We had heard that it might be easier (read, quicker) to adopt from Calcutta, so with great hopes we approached a well-reputed agency over there… but after meeting my father-in-law three times and Amit once, they said, “Sorry, we don’t really encourage out-of-state applicants. Come back in January. Or don’t.”
We were thinking, vaguely, of trying yet another agency in Calcutta, but without putting our hearts into it. I thought Bangalore was our best hope and it looks like being a long wait.
Then, we got a call. They’ve got twins! In Tamil Nadu. Are we interested?
You bet we are!
It’s true, they’re 13 months old, so we have already missed the first step, the first word and all that. They’re probably already rattling away entire sentences in Tamil. But, if we get them, we’ll have them the rest of our lives at least, won’t we? Even if we’ll have to jump straight into the potty training part, without any of the cute, cuddly, waddling around on all fours part. (I hate when people tell me how lucky I’ll be to miss out on the long nights and the early months. I really don’t think missing out on the teeniest bit of it, however tiring, is “lucky” and if people think it is, they should try it, before they say it.)
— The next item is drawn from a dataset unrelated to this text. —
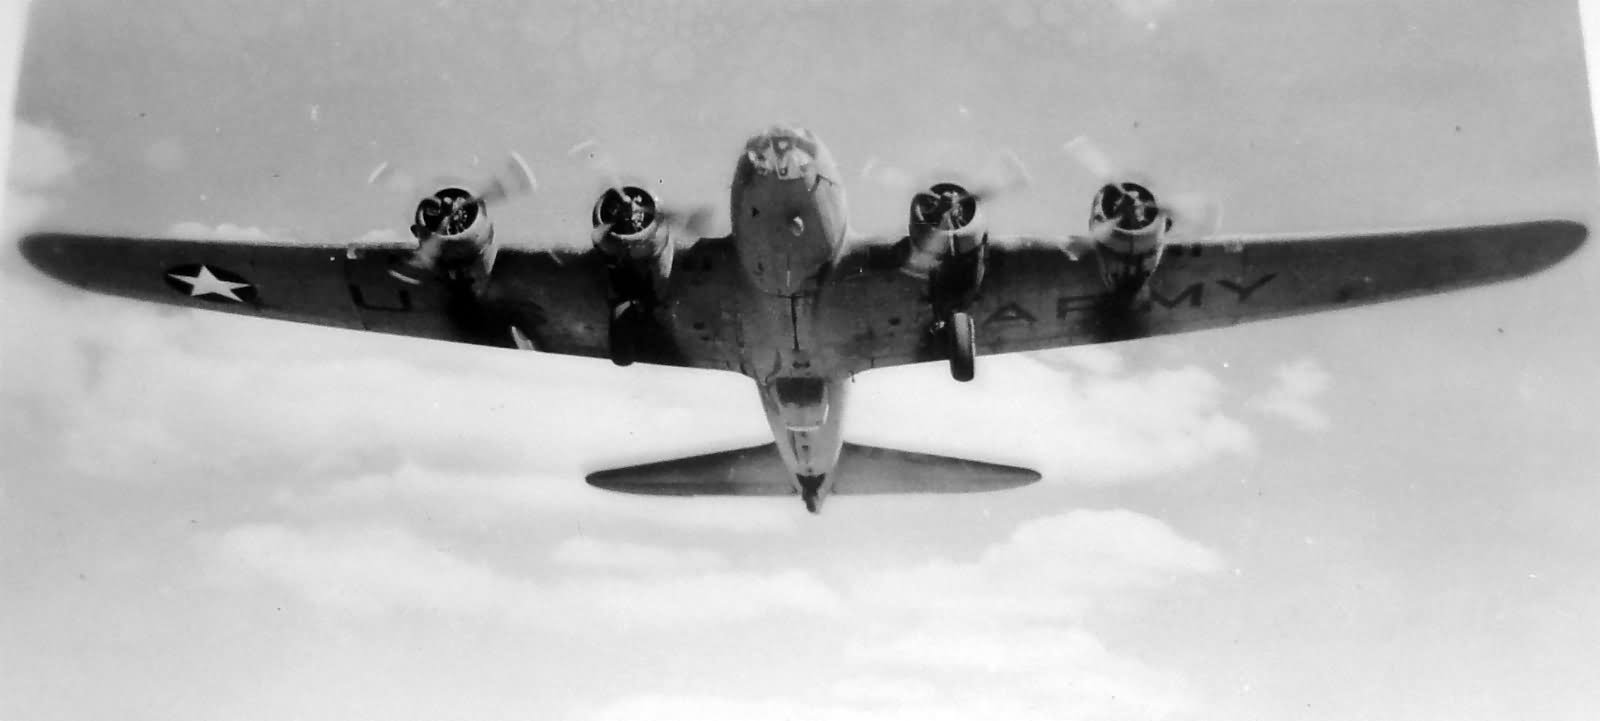 Por su alcance y su capacidad de carga, el B-17 era un arma magnÃ­fica con la que atacar las bases japonesas, pero cuando despegÃ³, esa maÃ±ana, no fue para eso.

Anyway, so, twins. That means two. Girls. I know I shouldn’t get my hopes up – it’s too early to say anything and lots of things could go wrong… I shouldn’t be declaring it to the world at large right now… it’s like telling everyone you’re pregnant the morning after the night before. But, hope and anguish are fighting a pitched battle inside me, and I can’t keep quiet about this right now.
I wish Amit weren’t such a staunch atheist… crazy (and corny) though it sounds, I’d be happier if I knew there were two of us praying for this to work out.
Naturally, I’ll keep you all posted.